#### Records provided

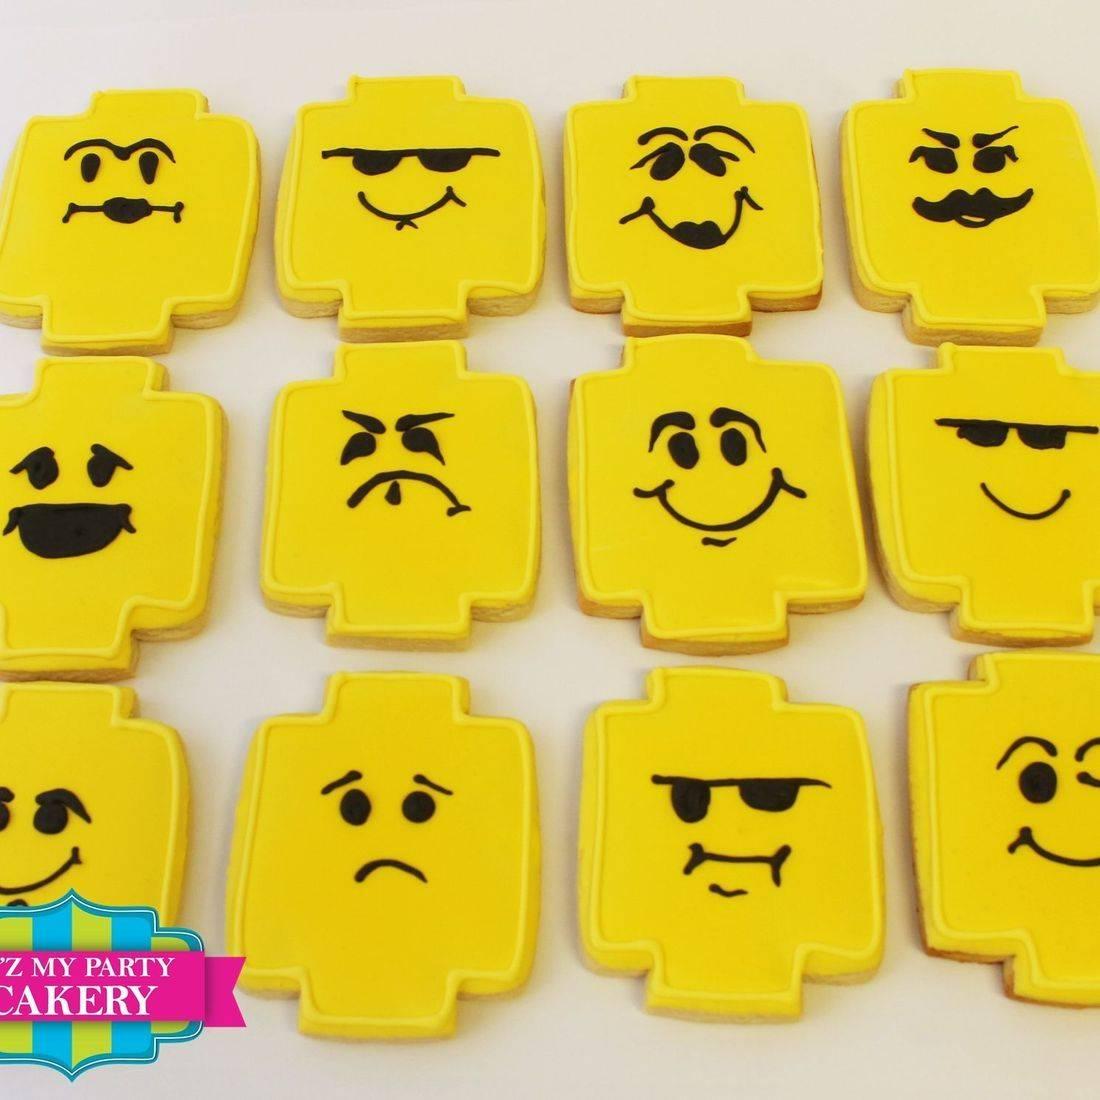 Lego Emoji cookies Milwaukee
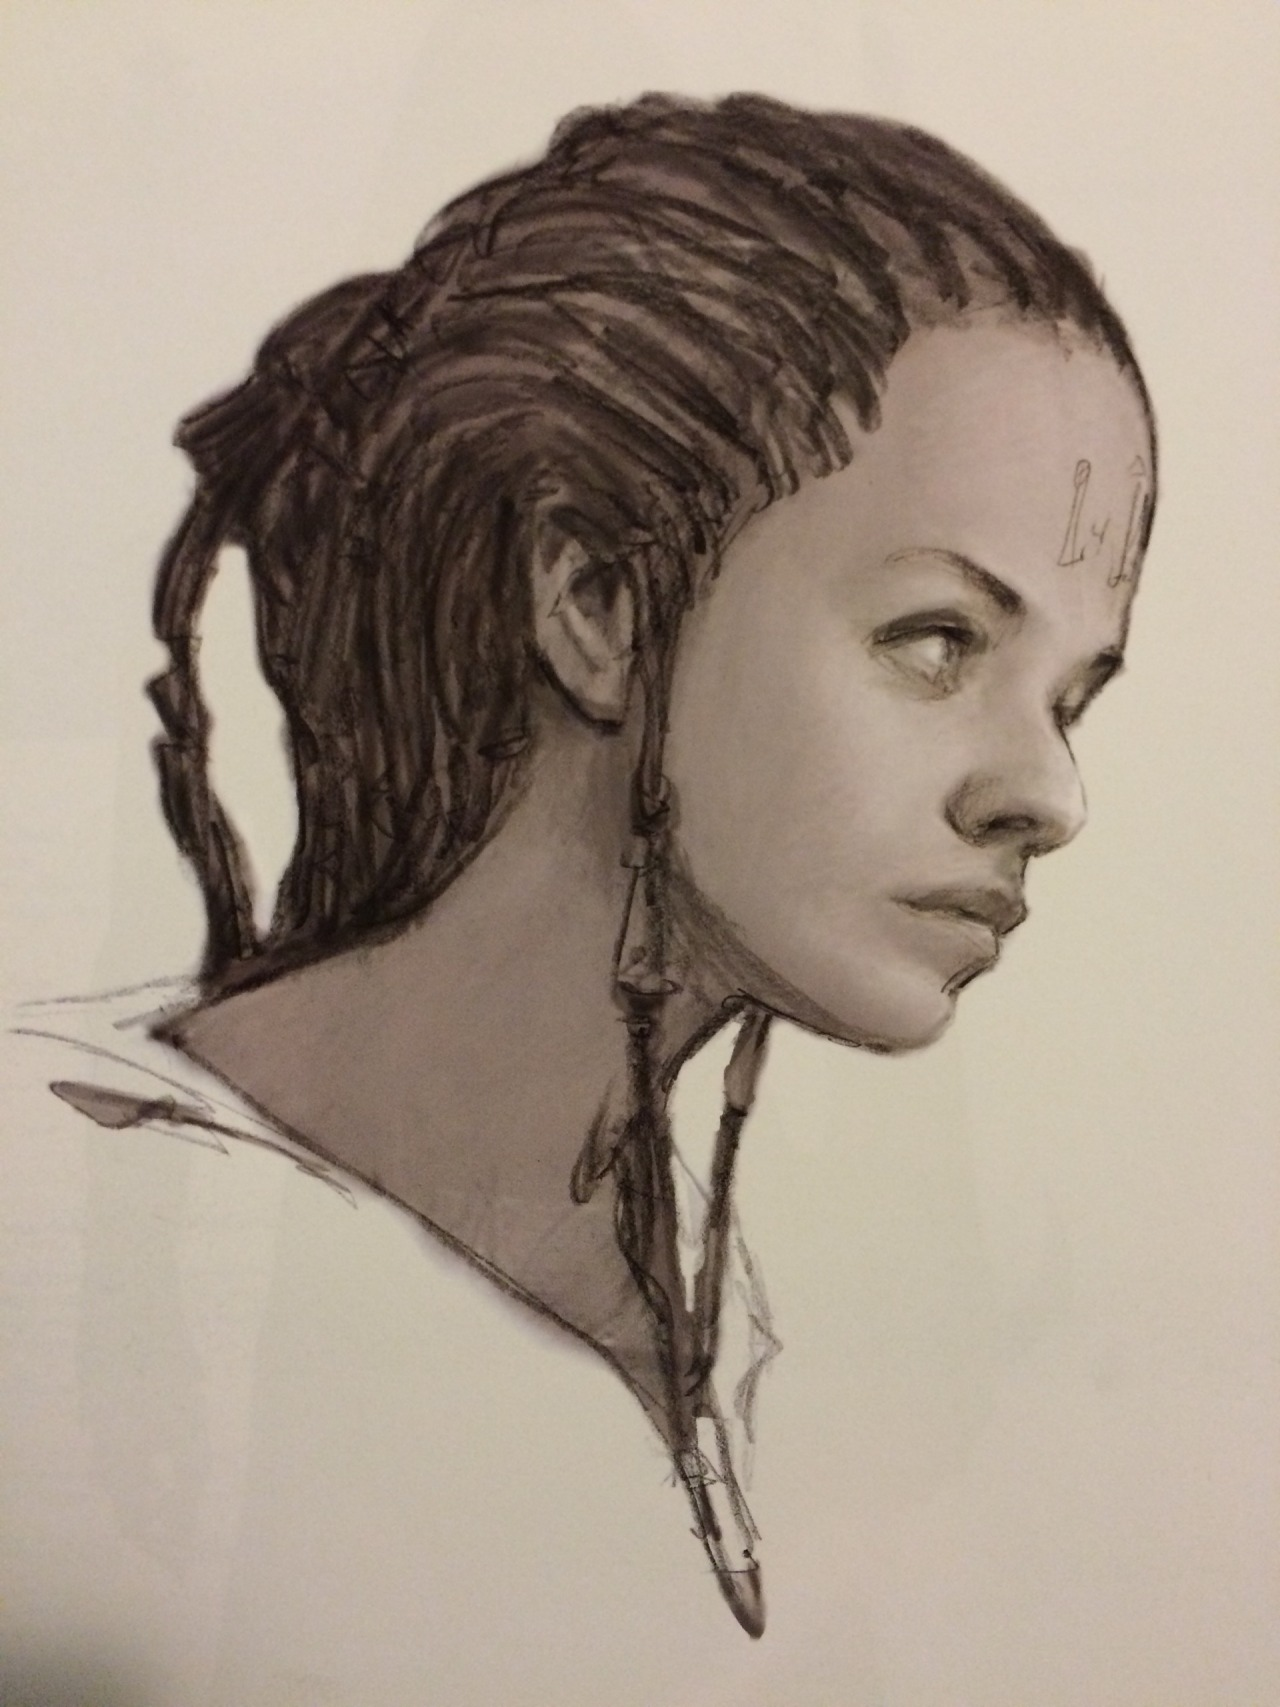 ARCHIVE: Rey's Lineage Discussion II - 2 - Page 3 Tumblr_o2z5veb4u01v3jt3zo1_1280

########
#### Records provided

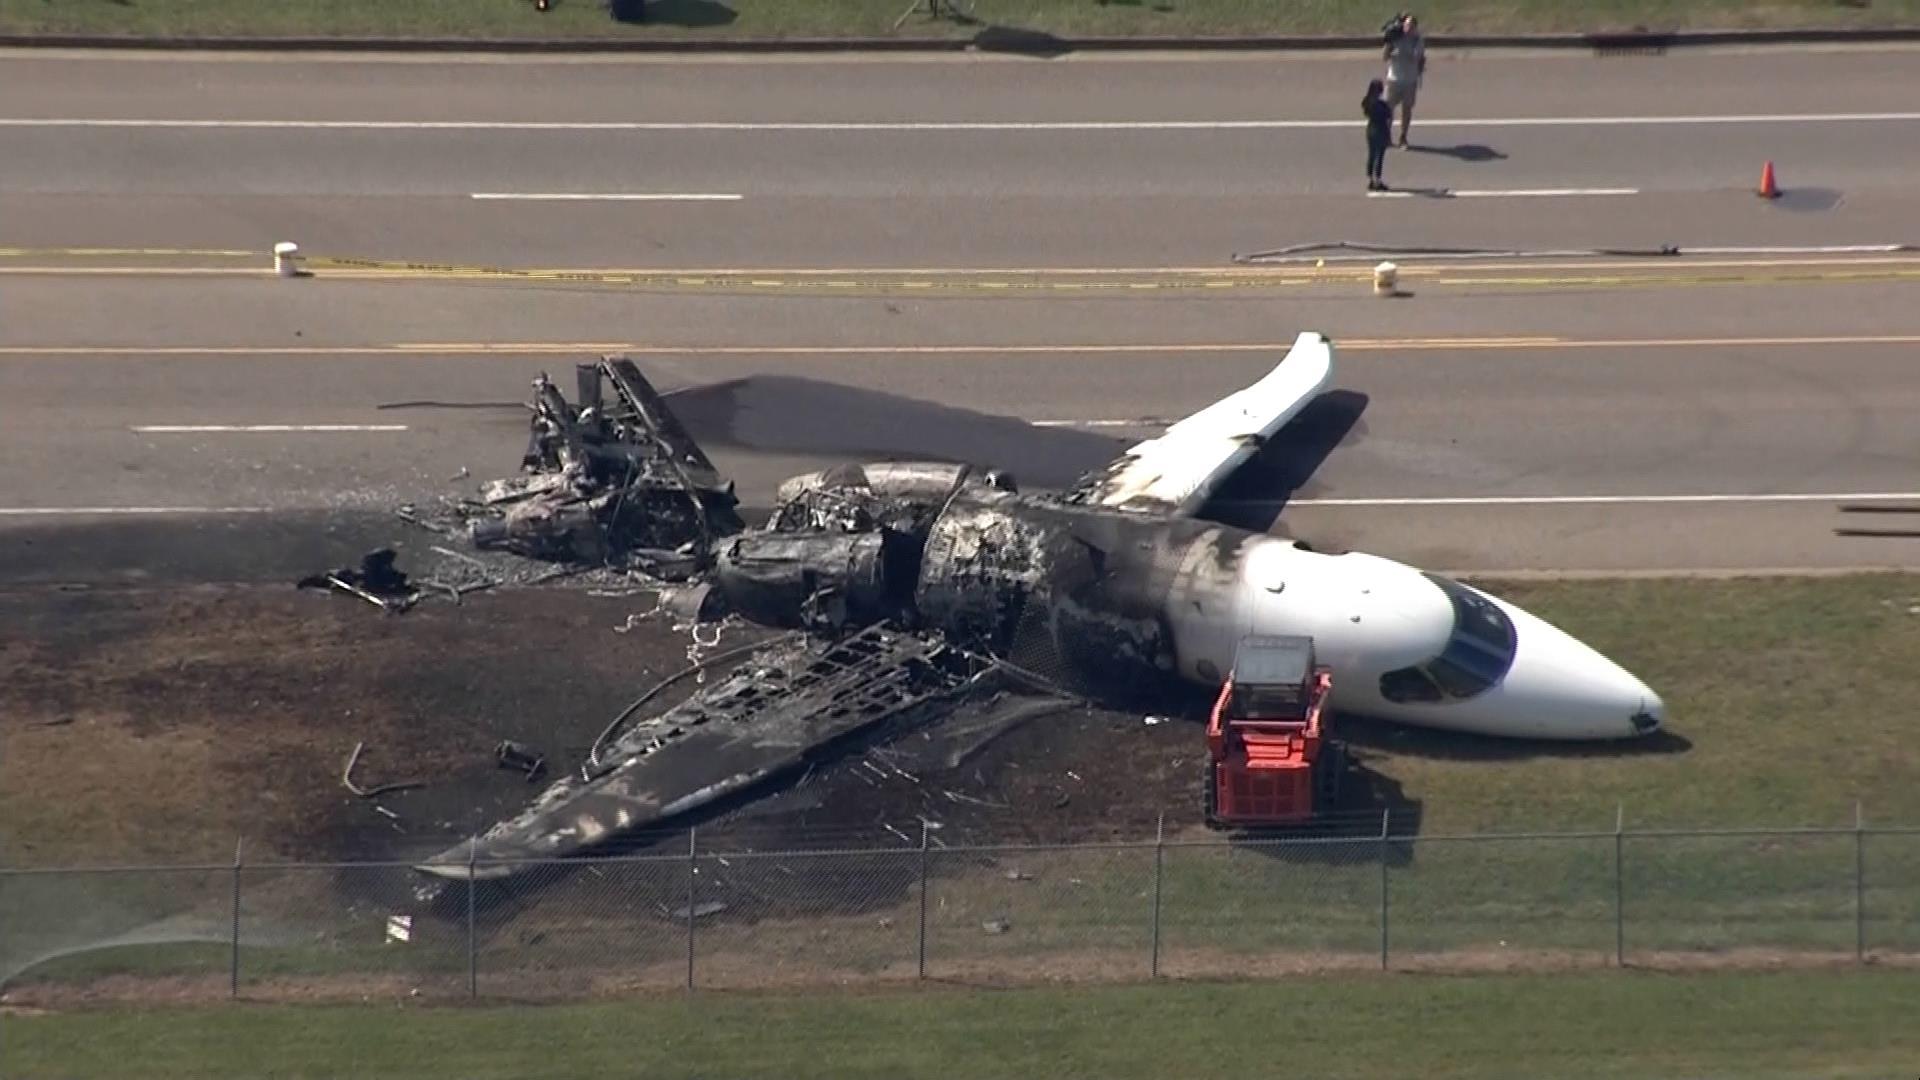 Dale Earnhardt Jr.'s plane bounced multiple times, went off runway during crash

########
#### Records provided

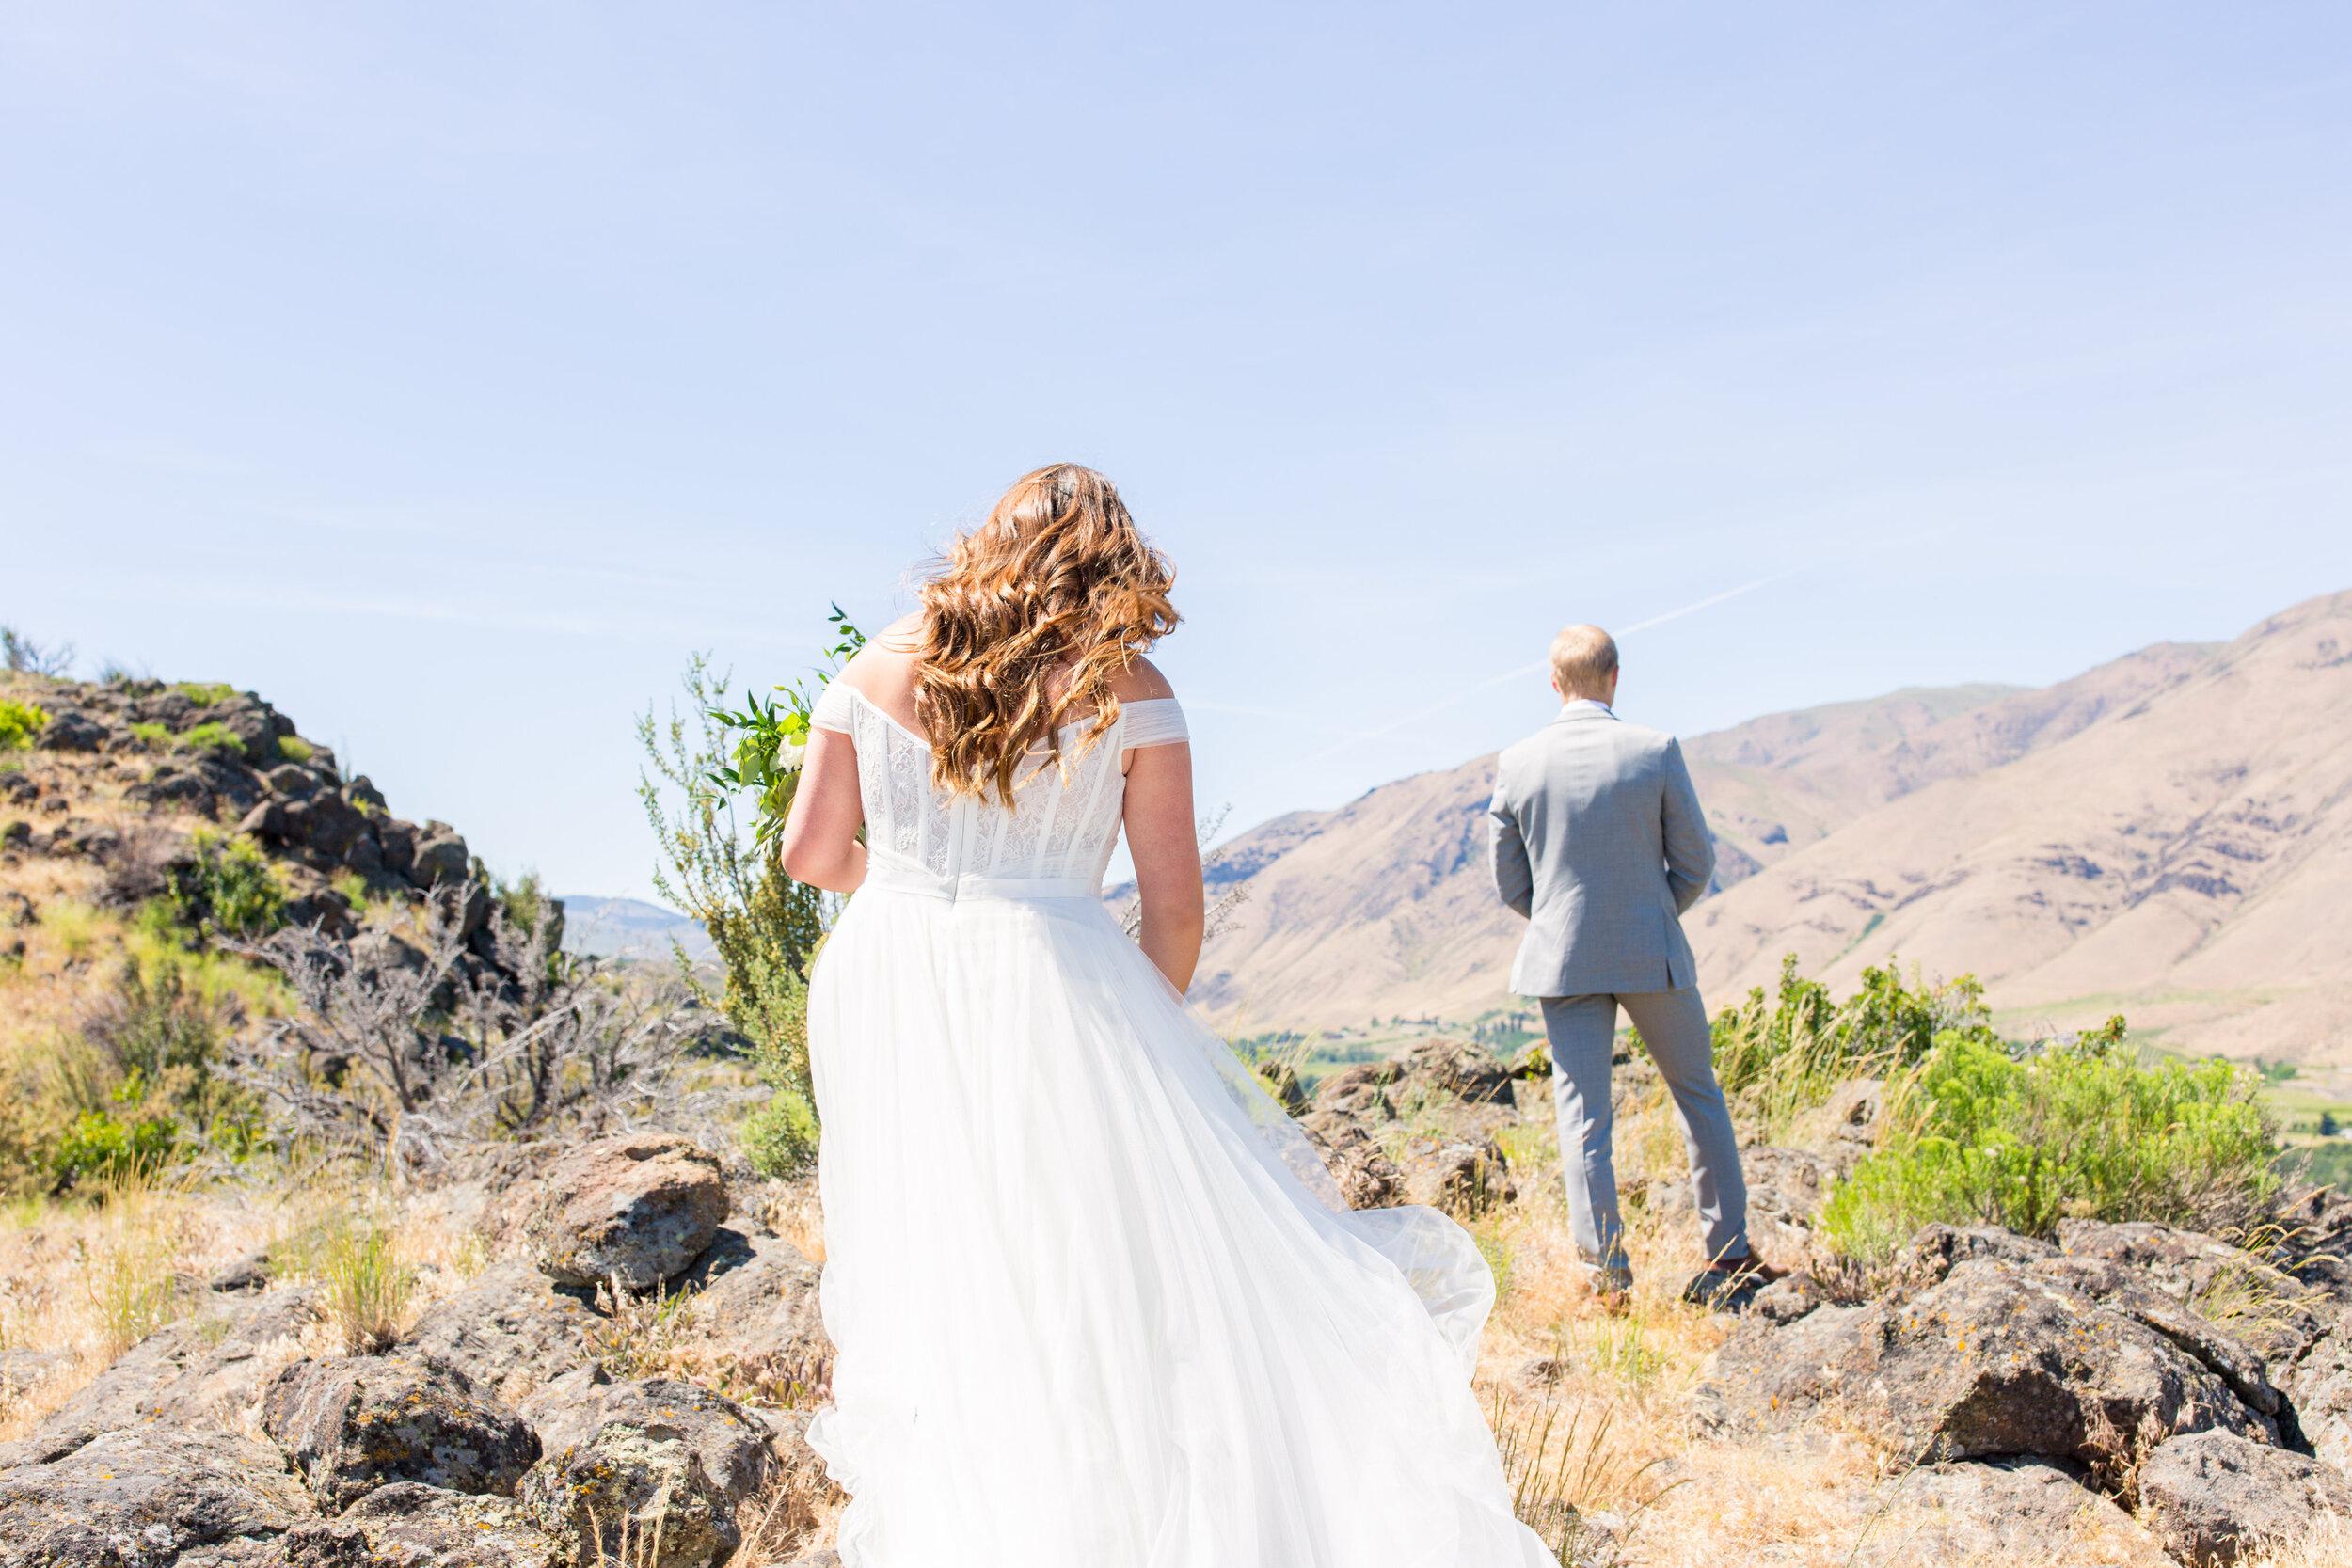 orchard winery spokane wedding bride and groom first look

########

# [Exercise brief]
Quote word for word only the lines above from the one containing "Lego Emoji cookies Milwaukee" through the one containing "ARCHIVE: Rey's Lineage". Pictures stay out of your copy.

# [Answer section]
 Lego Emoji cookies Milwaukee
 ARCHIVE: Rey's Lineage Discussion II - 2 - Page 3 Tumblr_o2z5veb4u01v3jt3zo1_1280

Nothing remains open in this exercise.